Diagrams for primitive cycles in spaces of pure braids and string links

TL;DR

This paper explores the algebraic and topological structures of pure braid and string link spaces using diagrams, Chen's integrals, and graphing techniques, revealing new connections and conjectures in high-dimensional topology.

Contribution

It constructs a Hopf algebra isomorphism linking homology of pure braids to diagram cobar constructions and establishes a correspondence between Milnor invariants and Chen integrals.

Findings

Hopf algebra isomorphism between pure braid homology and diagram cobar construction

Correspondence between Milnor invariants and Chen integrals for spherical links

Graphing induces injections into homotopy groups of high-dimensional string links

Abstract

The based loop space of a configuration space of points in a Euclidean space can be viewed as a space of pure braids in a Euclidean space of one dimension higher.

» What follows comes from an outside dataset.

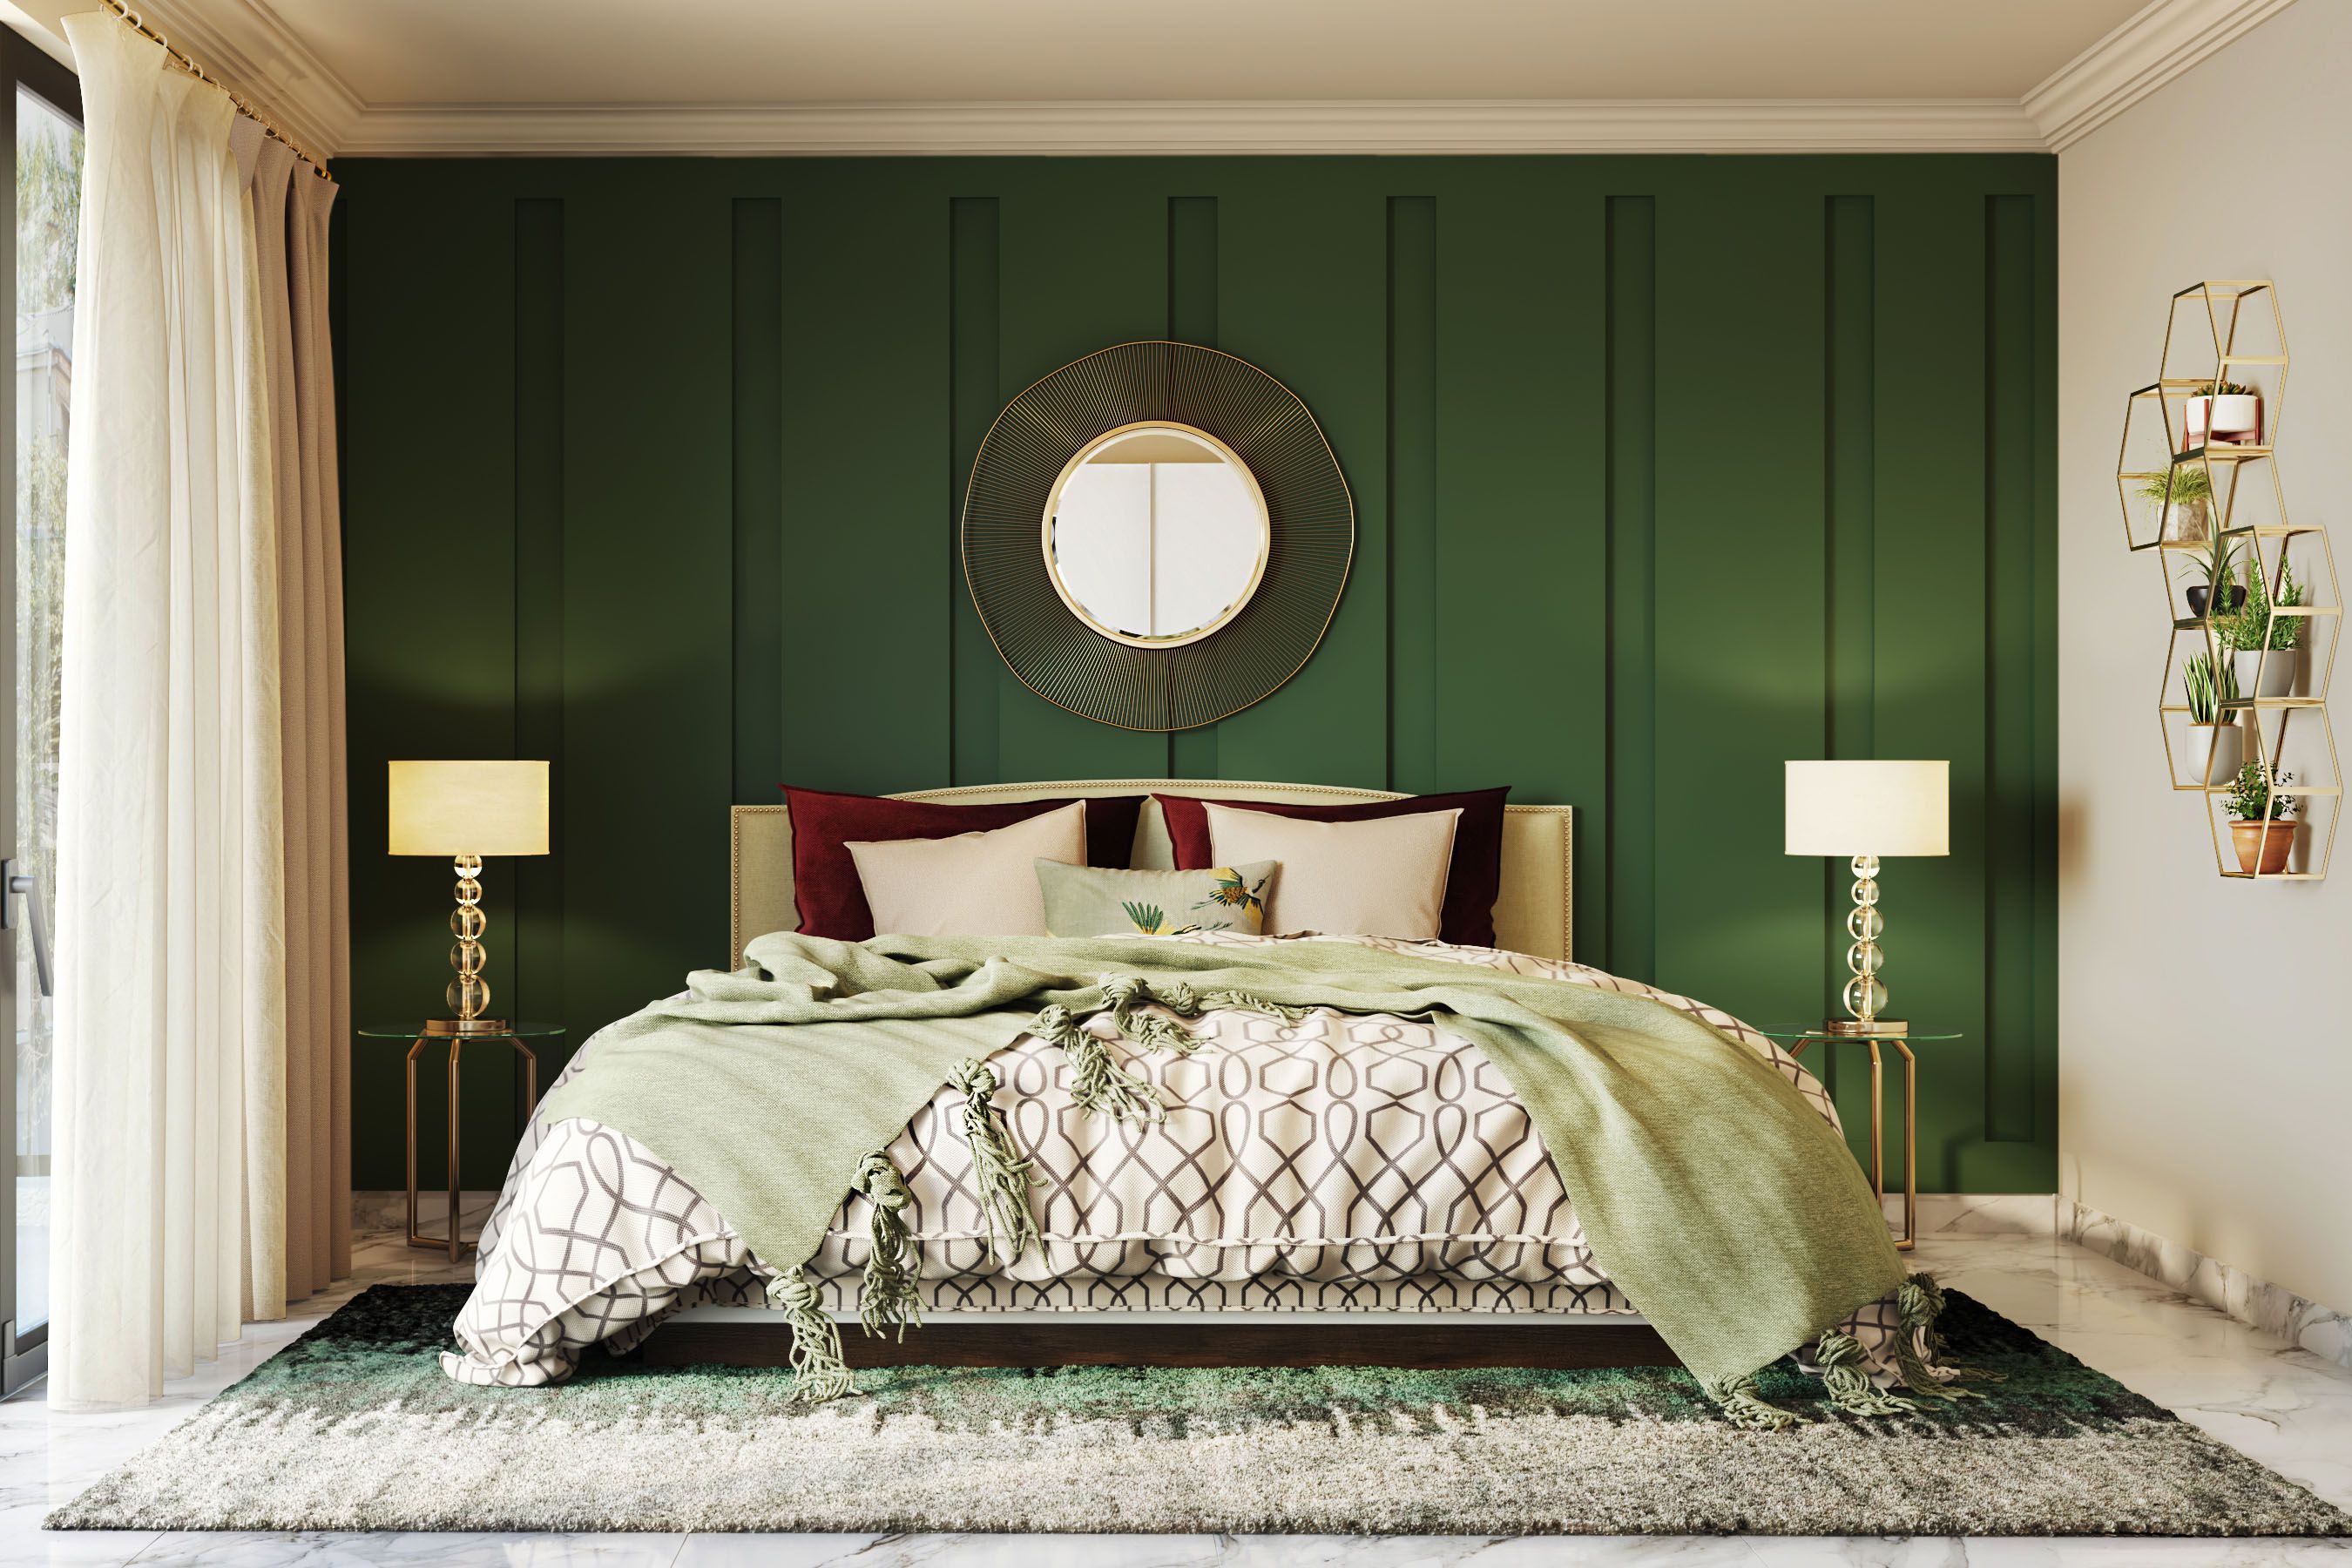 Modern Dark Green Bedroom Wall Paint Design With Grooves

We continue our study of such spaces in terms of Kontsevich's CDGA of diagrams and Chen's iterated integrals. We construct a power series connection which yields a Hopf algebra isomorphism between the homology of the space of pure braids and the cobar construction on diagrams. It maps iterated Whitehead products to trivalent trees modulo the IHX relation. As an application, we establish a correspondence between Milnor invariants of Brunnian spherical links and certain Chen integrals. Finally we show that graphing induces injections of a certain submodule of the homotopy of configuration spaces into the homotopy of many spaces of high-dimensional string links. We conjecture that graphing is injective on all rational homotopy classes.